Registrant's Form S-8 Registration Statements filed with the Securities
and Exchange Commission on July 16, 1997 (File No. 333-31413), October 4, 1996
(File No. 333-13449), June 20, 1995 (File No. 33-93666) and on March 10, 1994
(File No. 33-76344) are hereby incorporated by reference.
Part II
INCORPORATION OF DOCUMENTS BY REFERENCE
The following documents previously filed by Registrant with the
Commission are hereby incorporated by reference in this Registration
Statement:
(1) Registrant's Annual Report on Form 10-K (File No. 0-27488) for
the fiscal year ended December 31, 1997;
(2) Registrant's Quarterly Reports on Form 10-Q (File No. 0-27488)

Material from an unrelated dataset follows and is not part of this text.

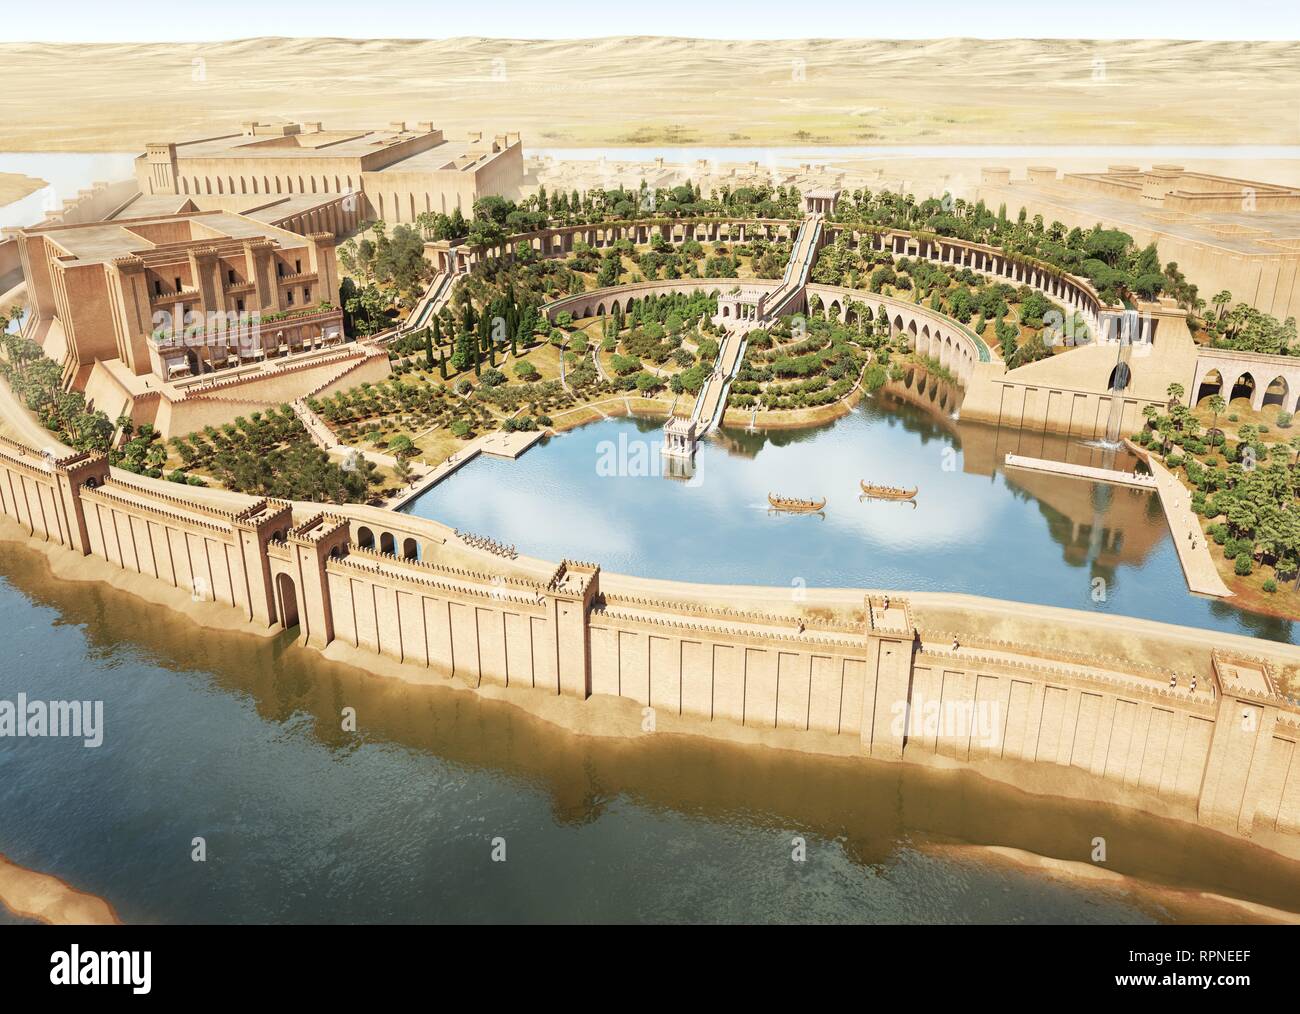 Nínive, capital del Reino de Asiria el siglo VIII A.C. Reconstrucción ideal los famosos "jardines colgantes" que casi siempre han sido atribuidos a la ciudad de Babilonia y que los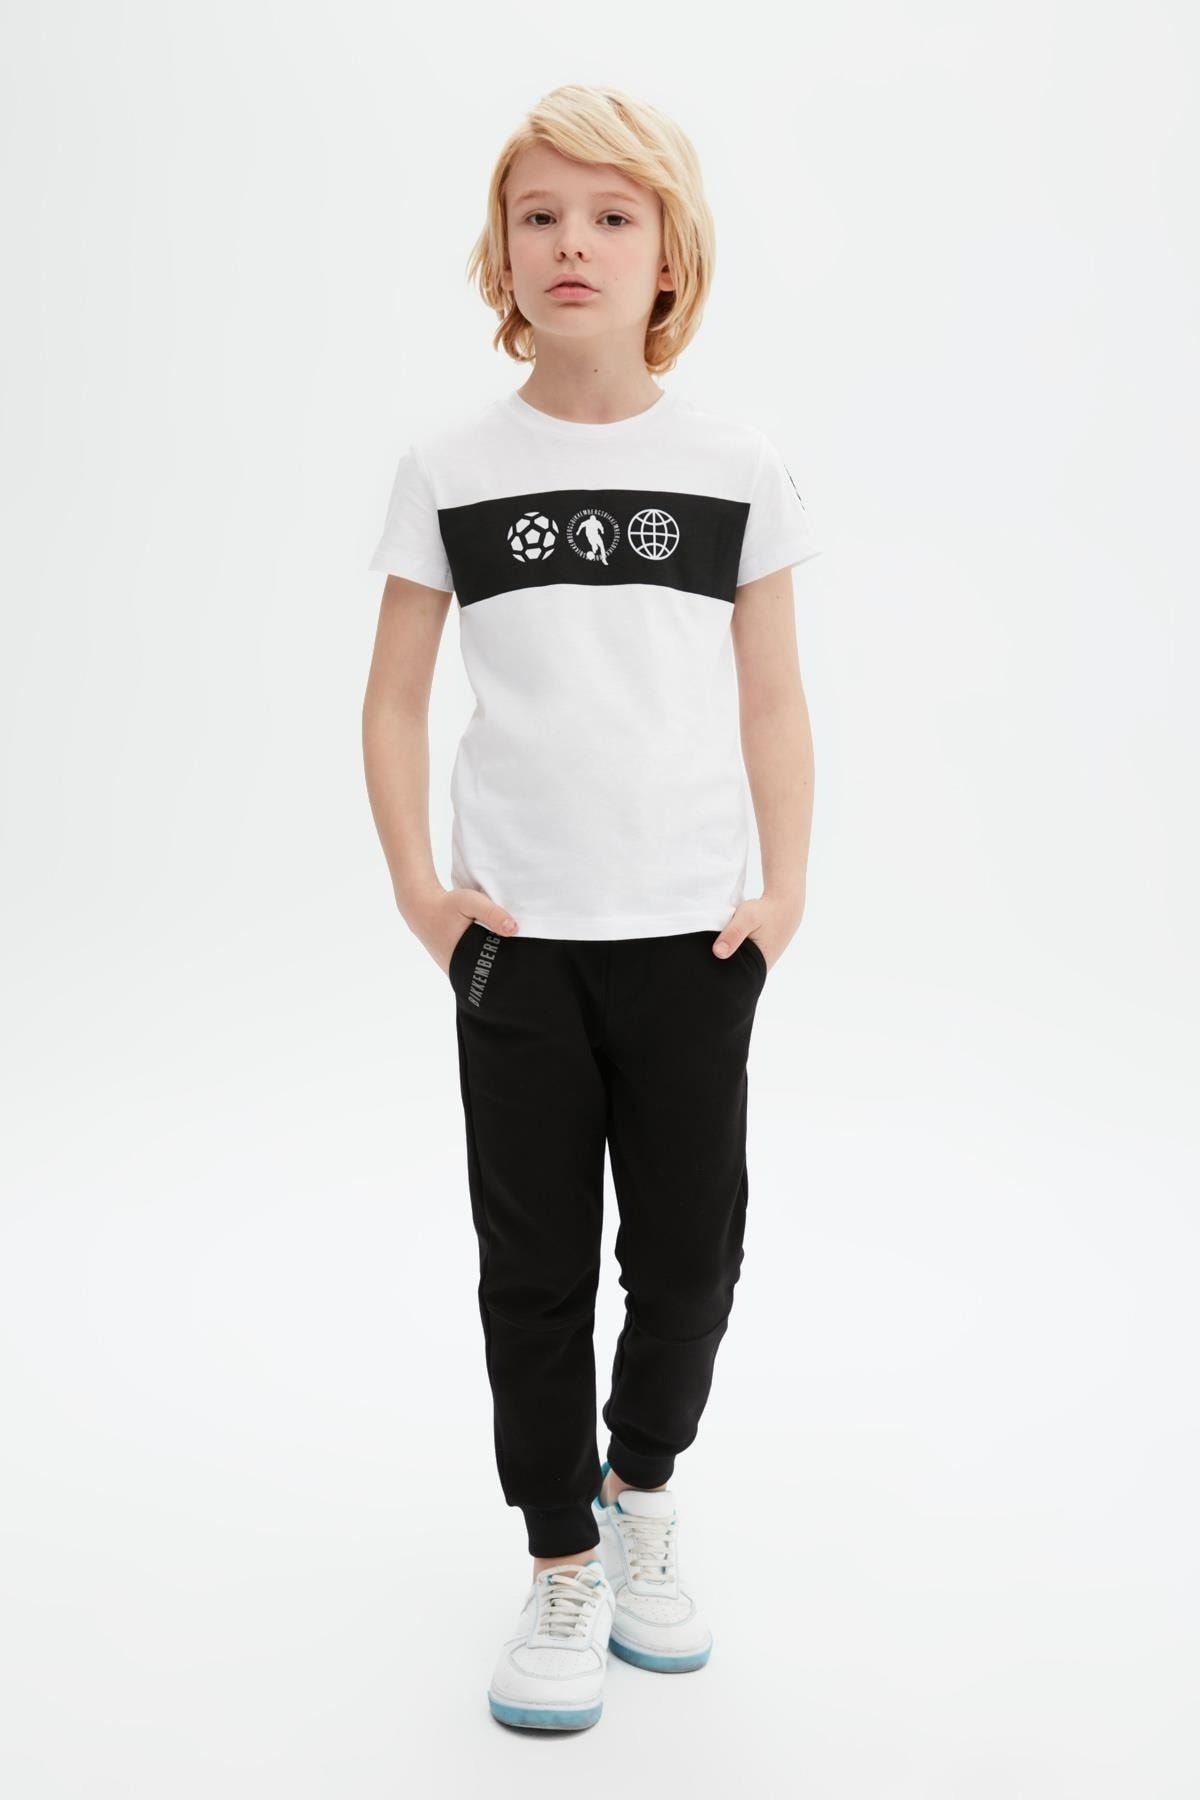 Bikkembergs Bg Store Erkek Çocuk Beyaz T-shirt 23ss0bk1545

for the quarters ended March 31, 1998 and June 30, 1998;
(3) Registrant's Current Report on Form 8-K, as amended on Form
8-K/A, dated January 22, 1998;
(4) Registrant's Current Reports on Form 8-K dated June 12, 1998,
August 17, 1998 and September 2, 1998 (File No. 0-27488);
(5) The description of the Common Stock contained in Registrant's
Registration Statement on Form 8-A filed January 5, 1996 (File No. 0-27488).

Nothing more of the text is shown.